Crop plant evolution occurred and possibly still occurs in an environment that is managed by traditional farming communities. It results in a very patchy environment where a farmer in a limited area, contiguous to other farmers' fields, manages a given landrace. Little research has been aimed at better understanding the evolutionary process behind plant evolution within the agricultural ecosystems of traditional farming communities. Maize landrace populations, like natural populations, are subject to migration and drift, to both natural selection and farmers' selection, and finally to local extinction and recolonization processes. Therefore, to gain a complete picture of the system, it is important to document in detail the genetic dynamics in these farmers' fields and the impact of their various practices. Traditional maize agroecosystems provide a framework to investigate local selection for a number of quantitative traits in a highly subdivided metapopulation with high migration rates among populations. The management practices of small-scale Mexican farmers are key to the evolution of maize and its diversity. Crucial practices include the planting of numerous maize populations within a small area under the management of a single farmer. A maize landrace or population is defined by the farmer in terms of ear characteristics; ear type will be maintained by the farmers through conservative selection in spite of considerable gene flow (Louette et al, 1997; Louette and Smale, 2000).

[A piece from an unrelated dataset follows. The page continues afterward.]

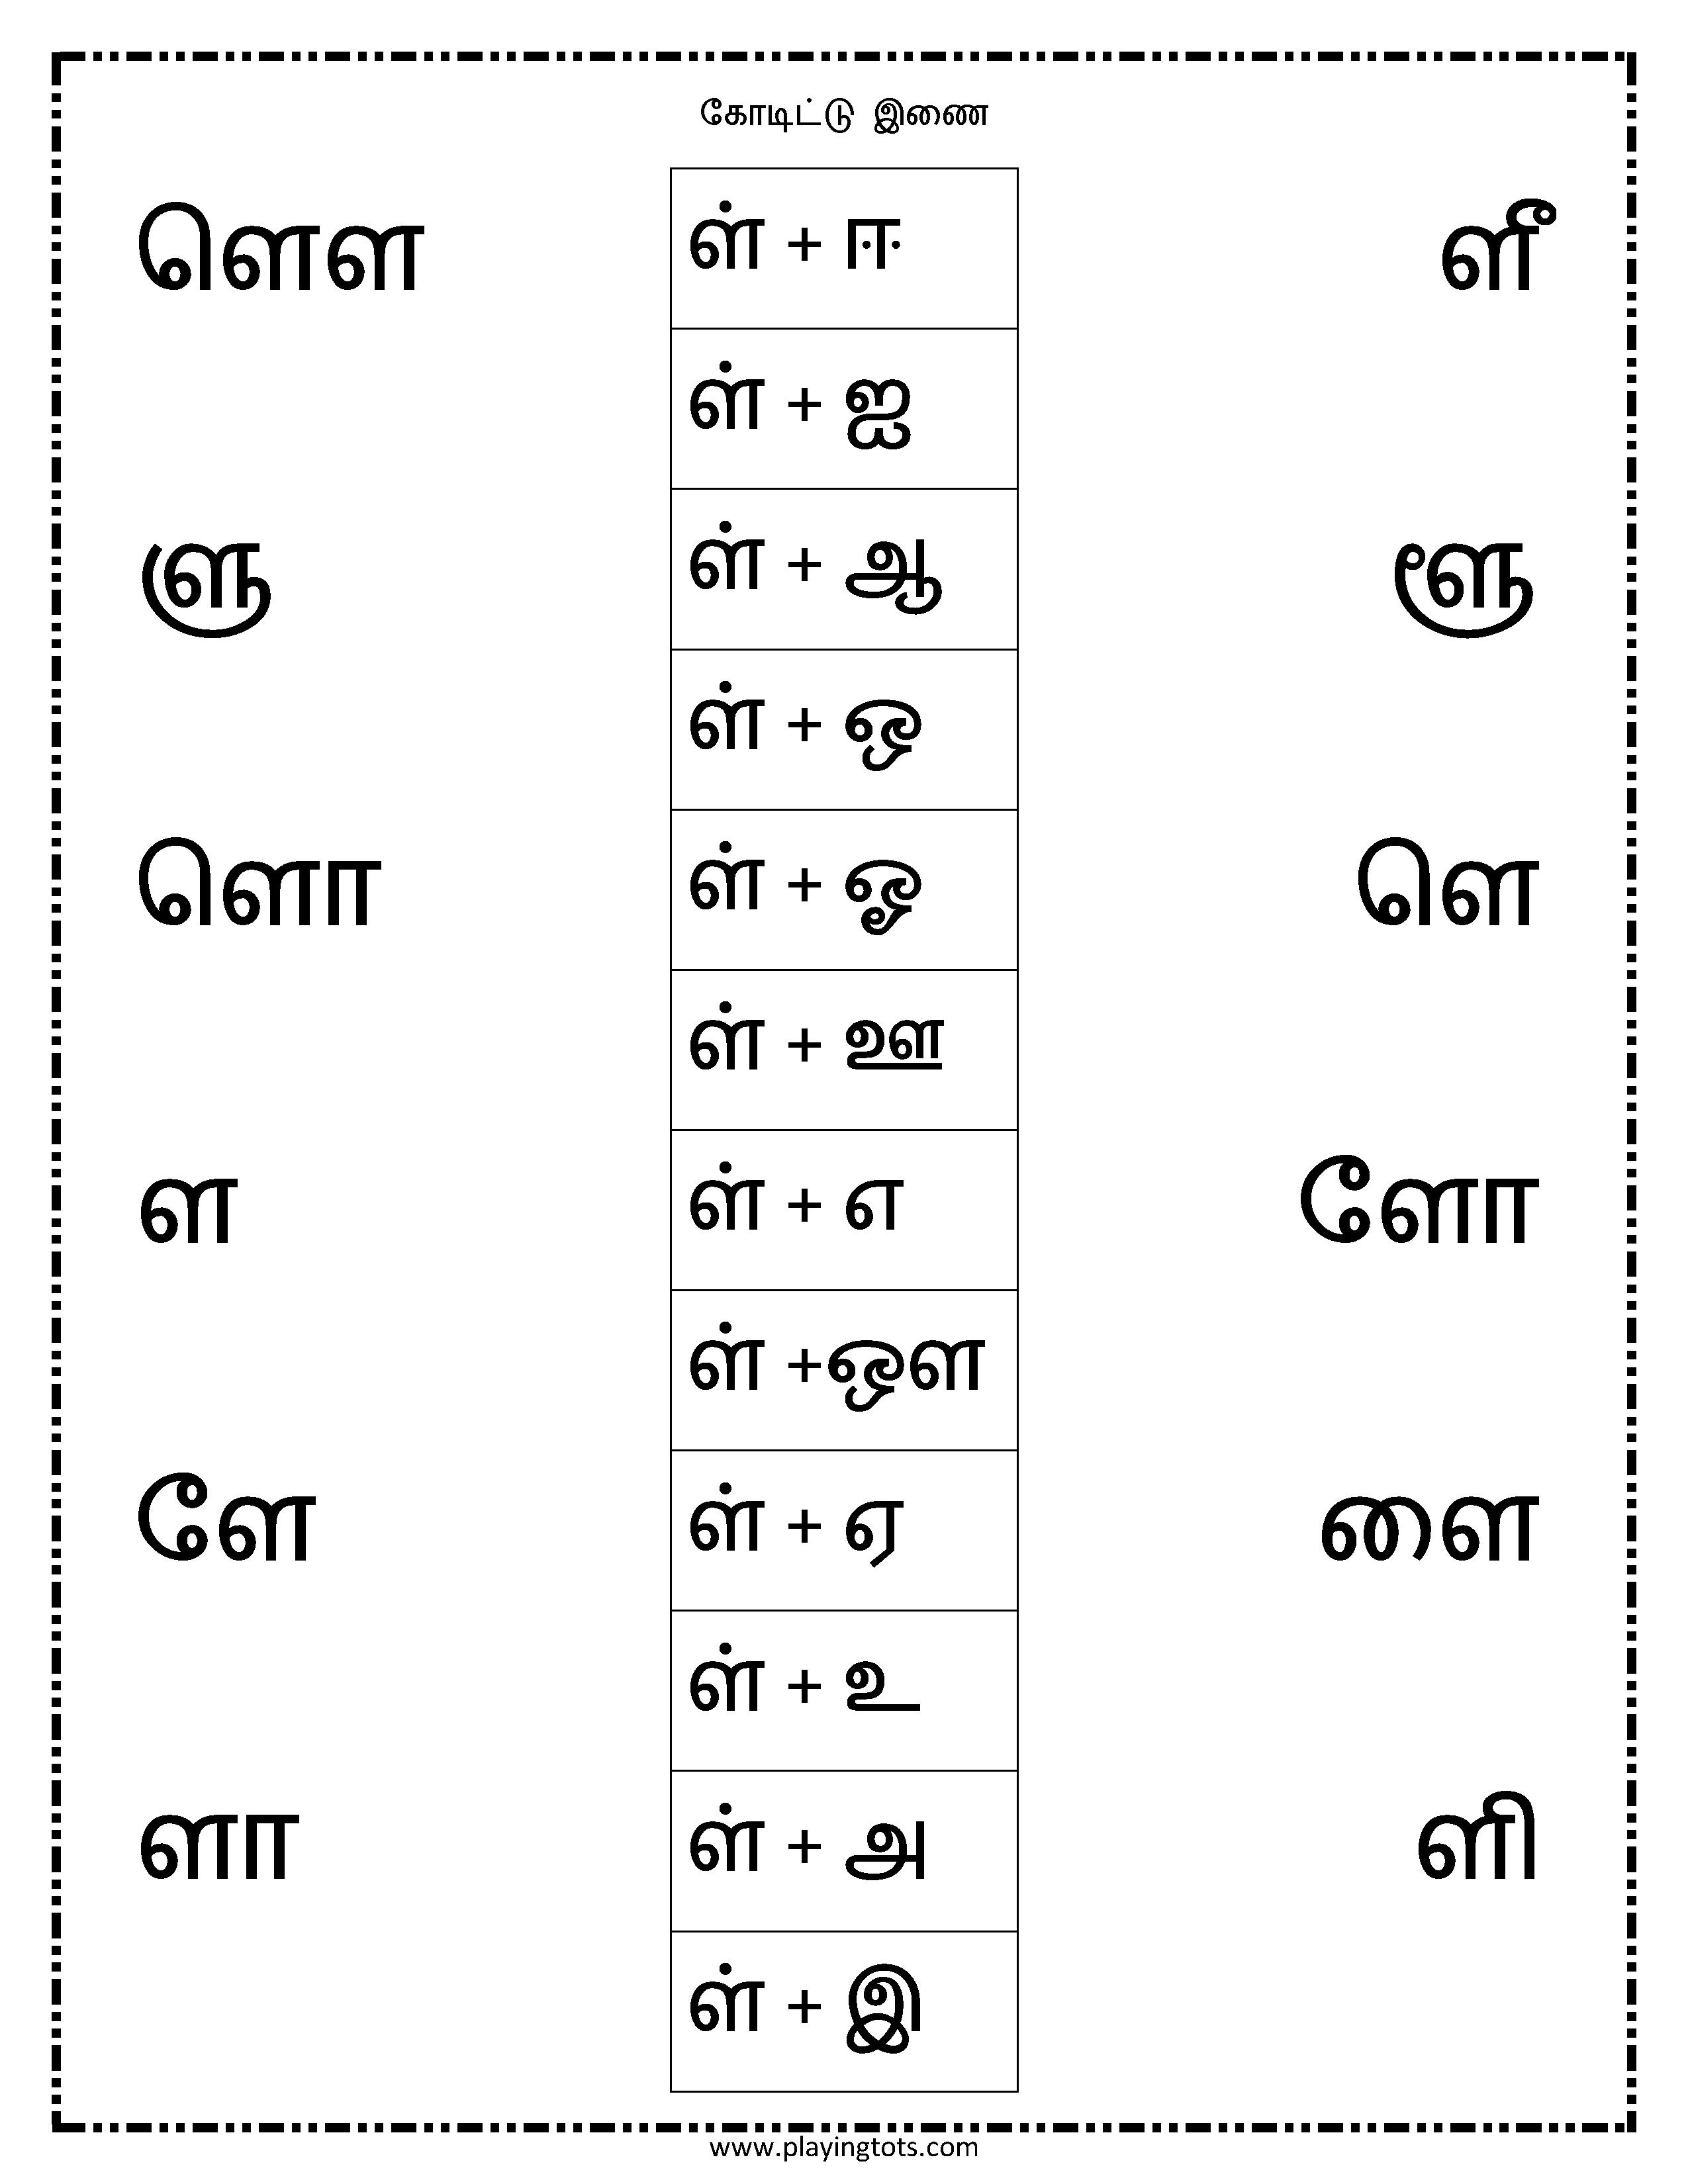 Pin By Eswarirajbarath On Tamil Worksheets G1

Today, in Oaxaca, many farmers still cultivate maize in the same way their ancestors have for thousands of years. Seeds for planting are obtained from ears selected by the farmers from the harvest of the previous cycle. On many occasions, seed is also obtained from neighbors or other sources, allowing farmer-controlled seed flow among populations (Smale et al, 1999). In addition, the Central Valleys of Oaxaca show very little presence of or impact from modern varieties (Smale et al, 1999; Bellon et al, 2003). Furthermore, previous research suggests that this region possesses a large amount of phenotypic variation (Bellon et al, 2003); therefore, it offers unique conditions for the study of the evolutionary processes that are fundamental to maize phenotypic evolution and diversification.

Measuring the strength of selection in a farmer's field and with a farmer's selection criteria is not an easy task. Our experience shows that it is difficult to obtain from farmers a precise description of their selection practices. While all the harvested ears go through the selection process, the farmer and his wife are both involved at different stages throughout the year in selecting the ears for the next cycle. Therefore, a constant strength of selection over time or across farms is unlikely.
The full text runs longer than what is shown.